If both *fin* and *hist* are provided, only *fin* will be read.
#### Optional arguments:
* ```-L=number```: set polynomial degree. Default *L=1.6 log k*.
* ```-M=number```: set the right endpoint of approximation interval. Default *M=3.5 log k*.
* ```-N=number```: set the threshold to apply the polynomial estimator. Default *N=1.6 log k*.
* The parameters above can be combined, e.g., ```./entropy -k=100000 -fin=fin_sample.txt -L=18 -M=40 -N=18```.
* Type ```./entropy -help``` or ```./entropy -h``` to see the list of arguments.
## More for developers
For developer who want to write a new test scratch to test the entropy estimator, follow the example *main_test.cpp*.
After ```make``` you will also see the executable file *"test"*.
### Entropy estimator class: *Entropy*
Work flow:
1. Set alphabet size *k* and several parameters:
* **setDegree(int L)**: the degree of polynomial is L.
* **setInterval(int M)**: the approximation interval is [0,M/n], where n is the sample size.
* **setThreshold(int N)**: the threshold to use polynomial estimator is when the histogram is at most N.
2. Input fingerprint or histogram.

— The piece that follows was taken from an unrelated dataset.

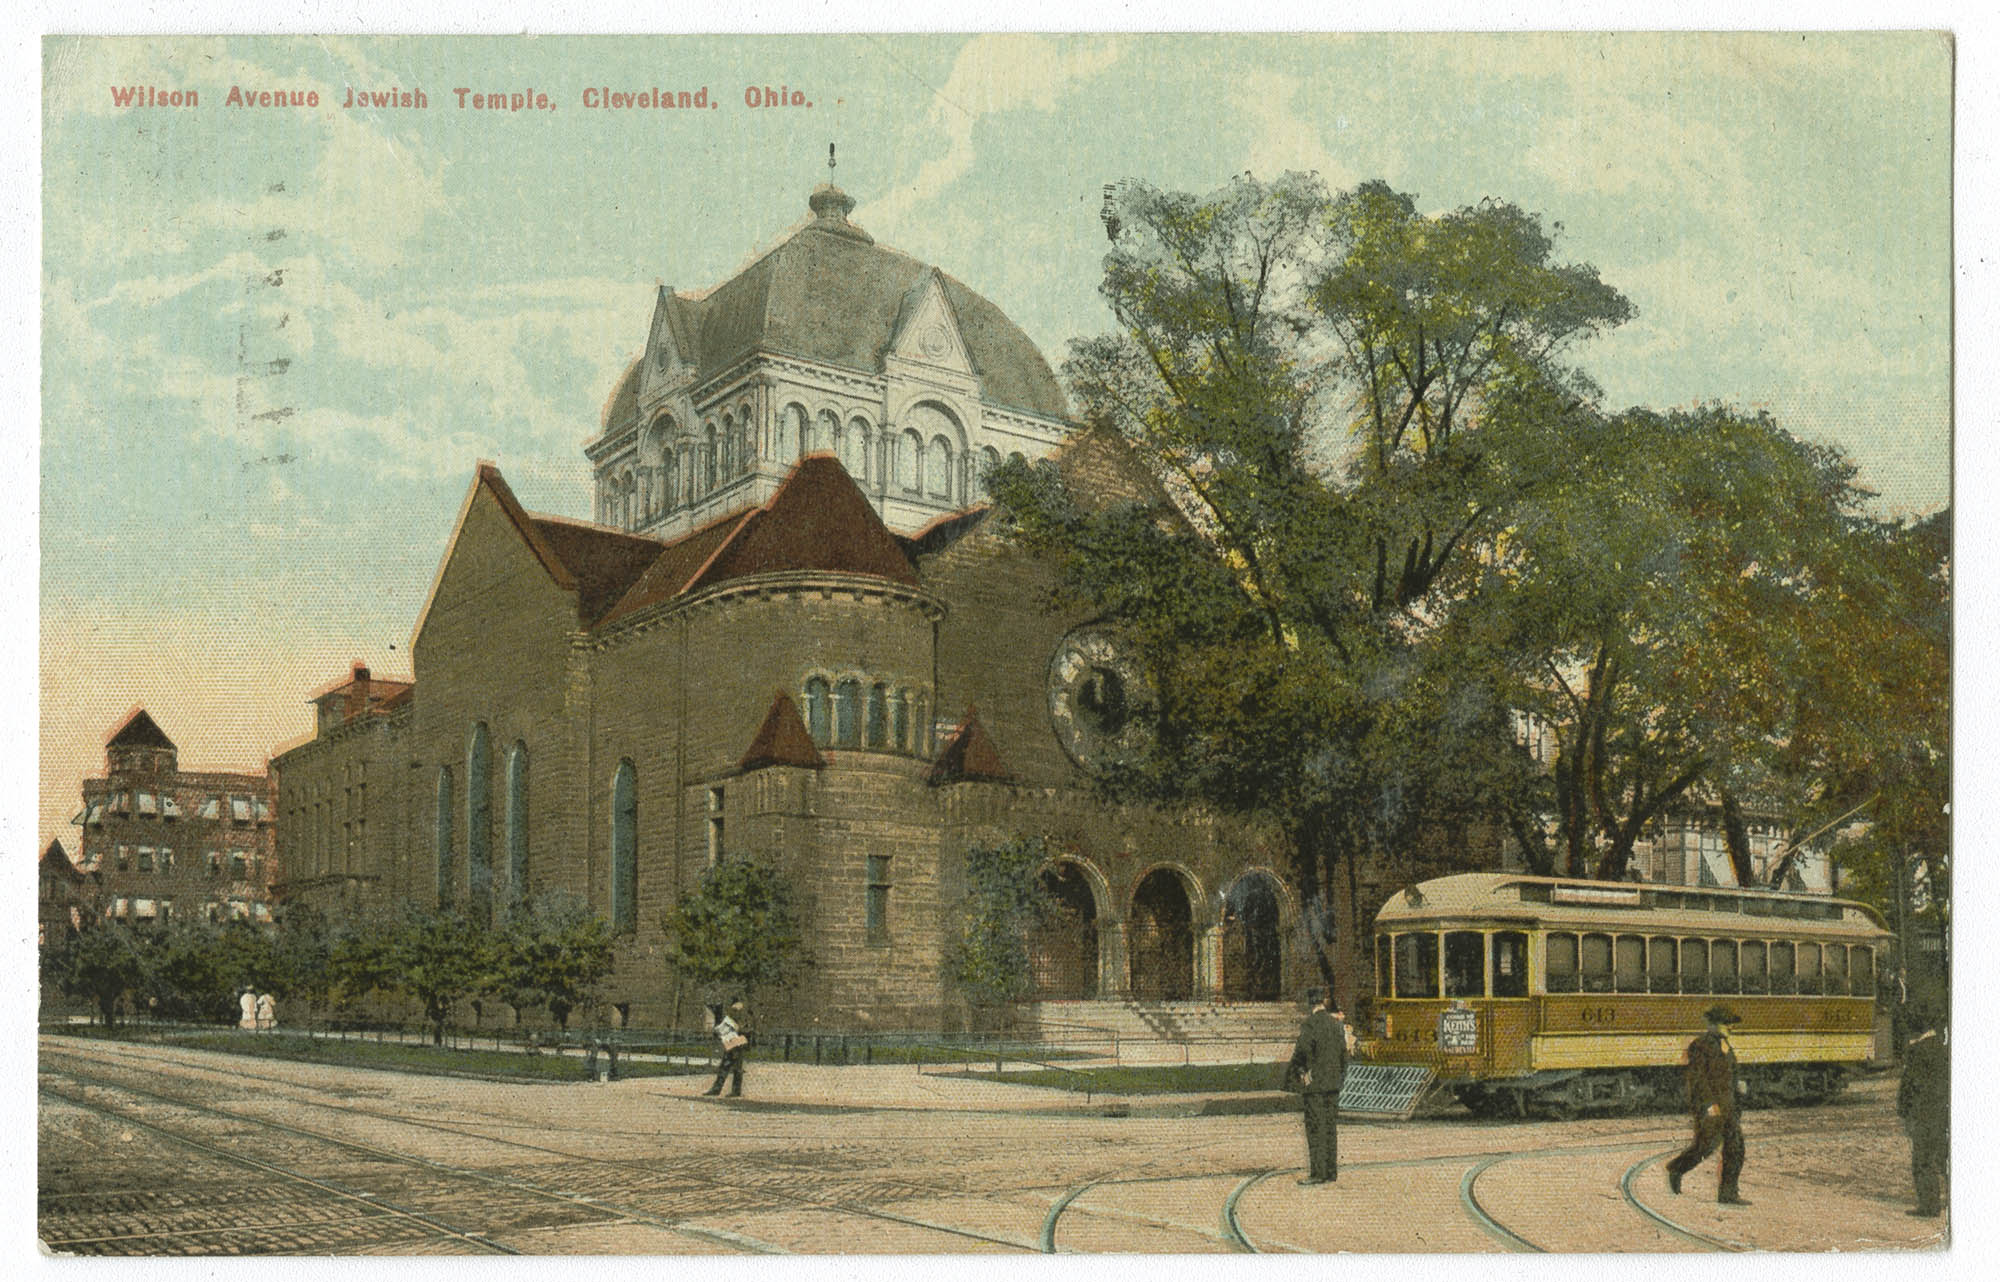 Wilson Avenue Jewish Temple, Cleveland, Ohio

Use one of the following:
* **setFin( filename )**: each line of file consists of two numbers: frequency *j*, the number of symbols that appears exactly *j* times.
* **setFin( freq, count )**: input two vectors of the same length: *freq[i]* represents frequency, and *count[i]* counts the number of symbols that appear exactly *freq[i]* times.
* **setHist( filename )**: each line of file consists of one number: frequency *j*. Symbols are not needed.
* **setHist( freq )**: input one vector with frequencies.
3. Output various estimates:
* **estimate()**: our polynomial estimator
* **estimate_plug()**: plug-in estimator
* **estimate\_Miller\_Madow()**: Miller-Madow estimator
### Synthetic data experiments
For those who want to generate synthetic samples within C++, you can refer to the standard [random number generator facilities](http://www.cplusplus.com/reference/random/).
There are examples to generate random numbers according to different types of distributions.
If the distribution is not yet provided, you can use the general [discrete distribution](http://www.cplusplus.com/reference/random/discrete\_distribution/).
There are several ways to [construct discrete distributions](http://www.cplusplus.com/reference/random/discrete\_distribution/discrete\_distribution/).
Reference
===================
For detailed explanation of parameters, please refer to our paper [Minimax Rates of Entropy Estimation on Large Alphabets via Best Polynomial Approximation](http://ieeexplore.ieee.org/abstract/document/7444171/).
The parameters described in the paper are: *L=c0 log k, M=c1 log k, N=c2 log k*.
As in the paper, the default values are *L=1.6 log k, M=3.5 log k, N=1.6 log k*.